# Raw data
──────
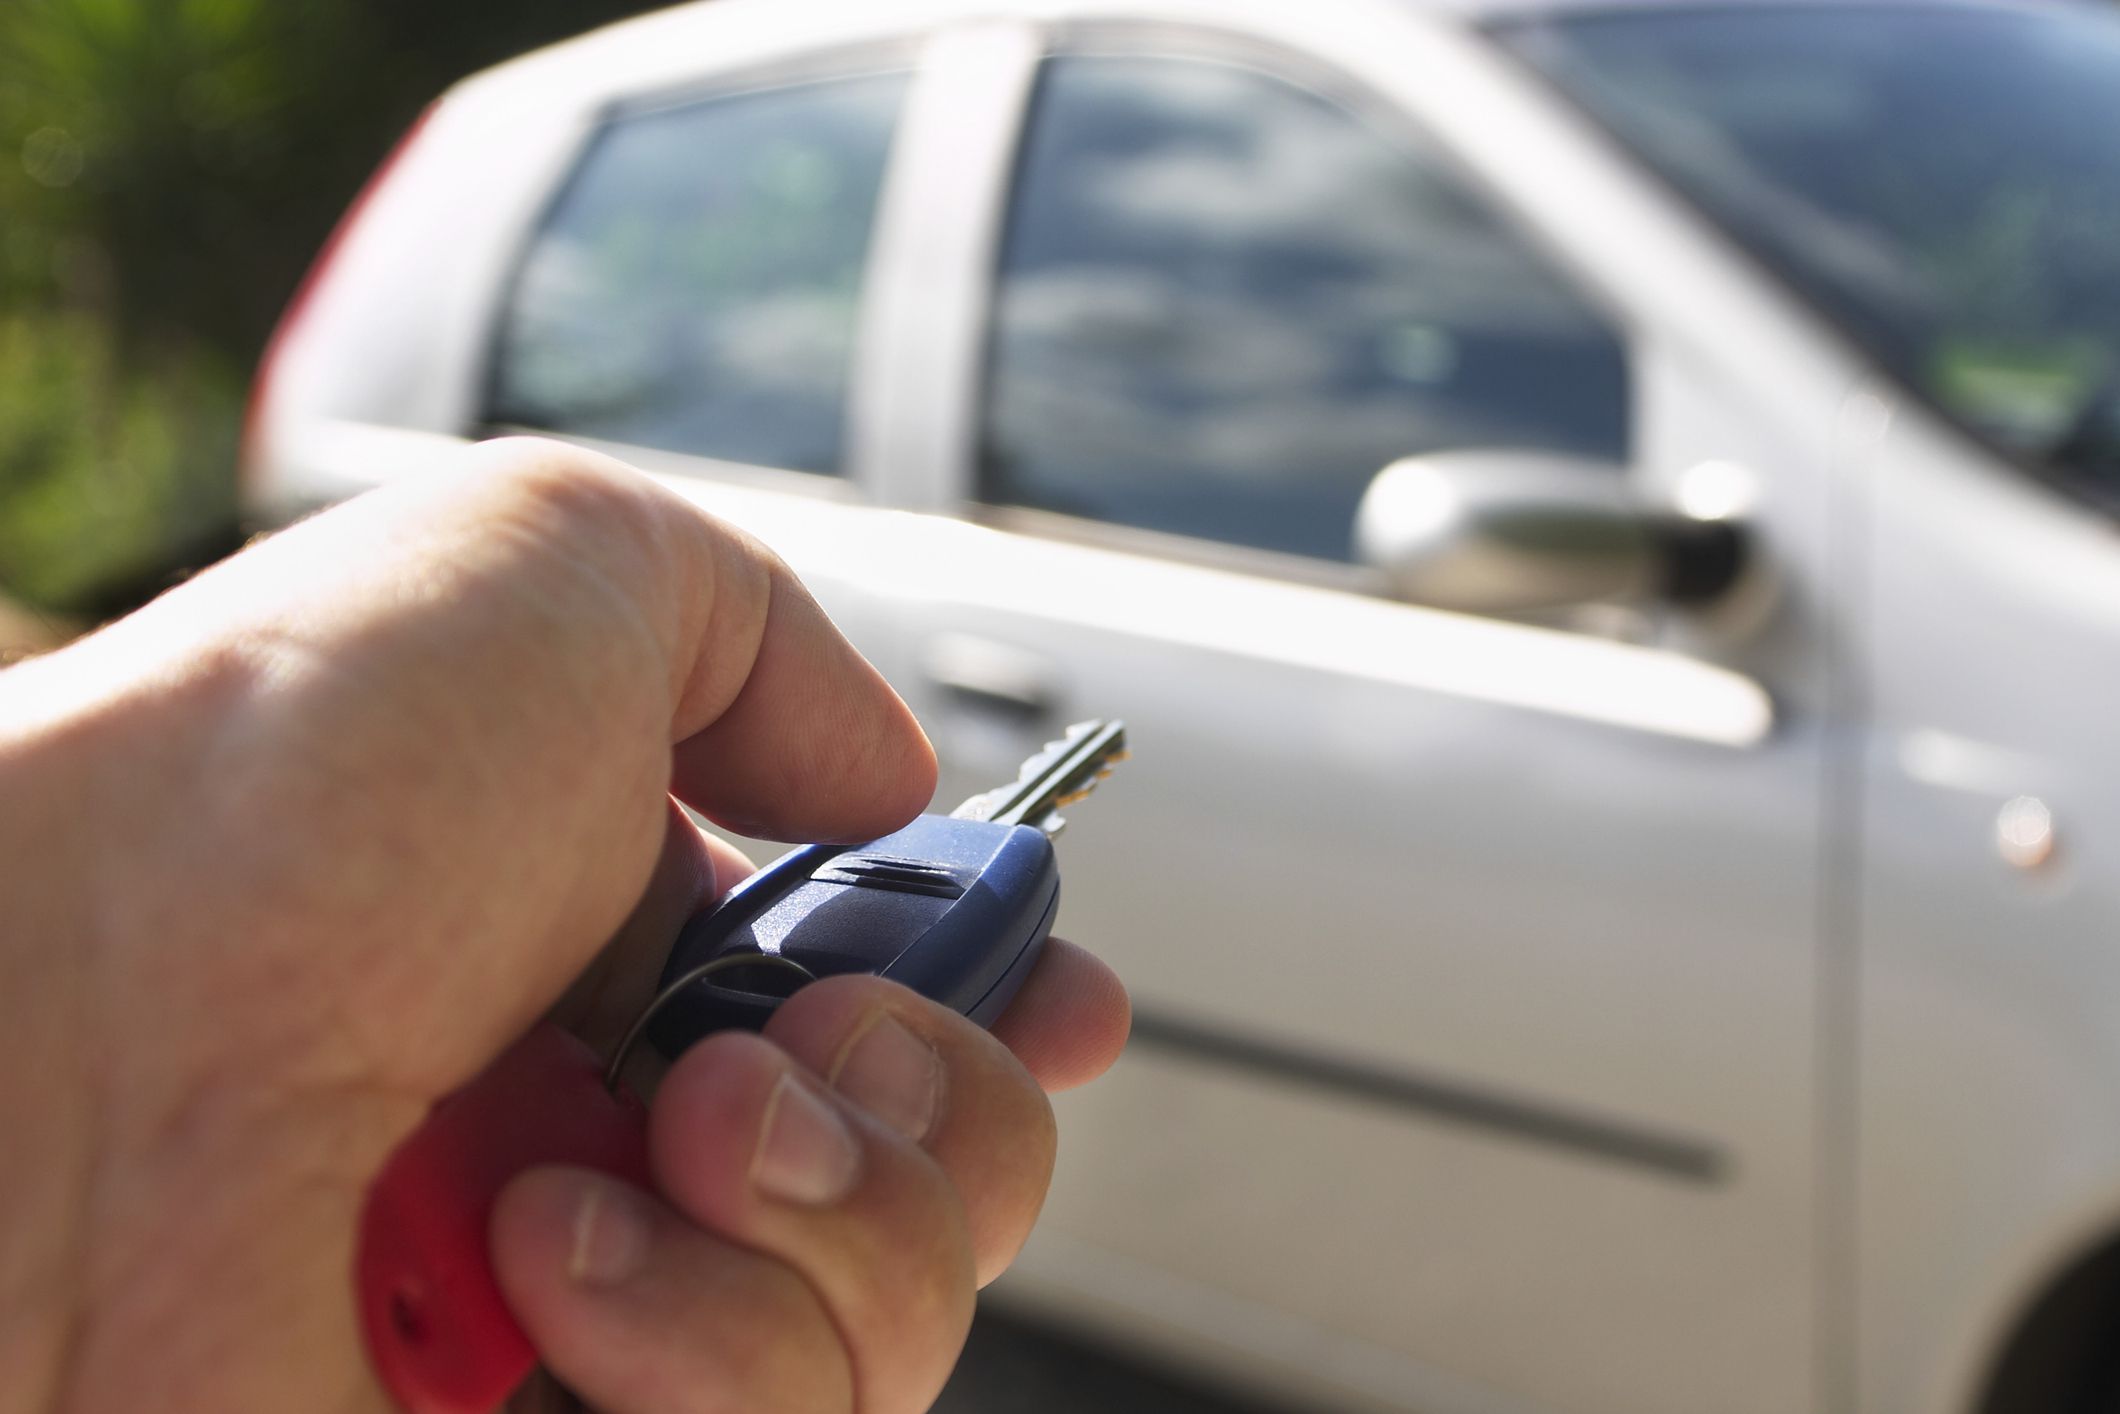 How To Find Car Keys
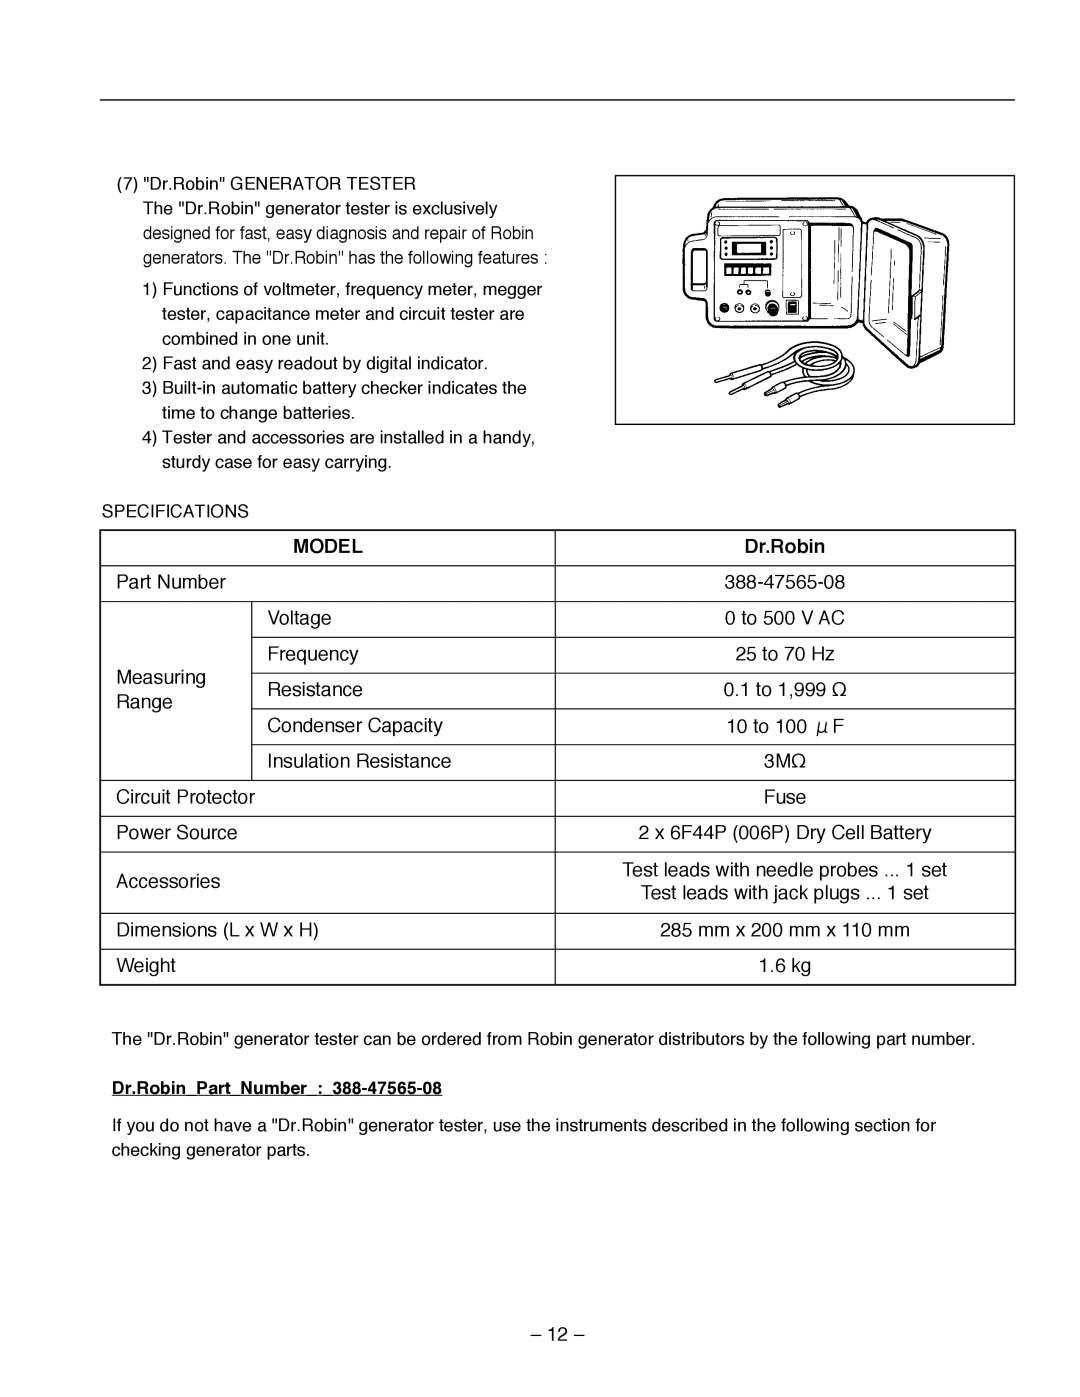 Subaru Robin Power Products R1700i service manual Model, Dr.Robin 
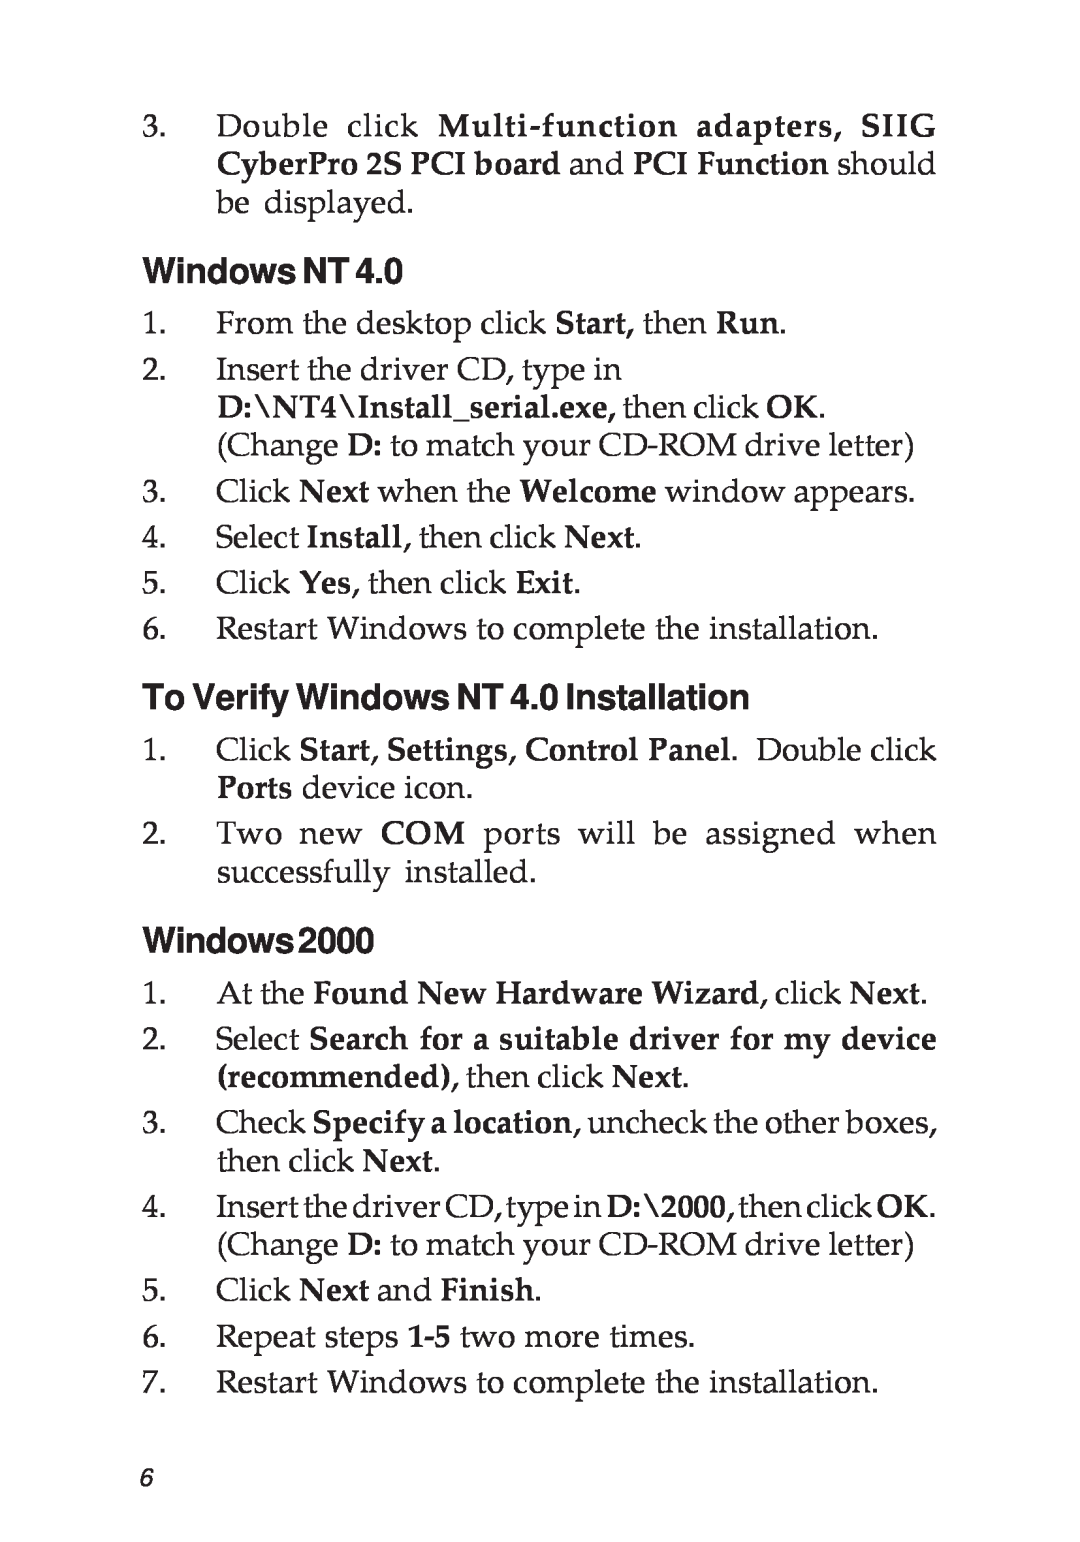 SIIG 2S manual To Verify Windows NT 4.0 Installation, Windows2000
──────
# Your goal
Transcribe all of the data above verbatim but omit every picture.

# Written answer
 How To Find Car Keys
 Subaru Robin Power Products R1700i service manual Model, Dr.Robin 
 SIIG 2S manual To Verify Windows NT 4.0 Installation, Windows2000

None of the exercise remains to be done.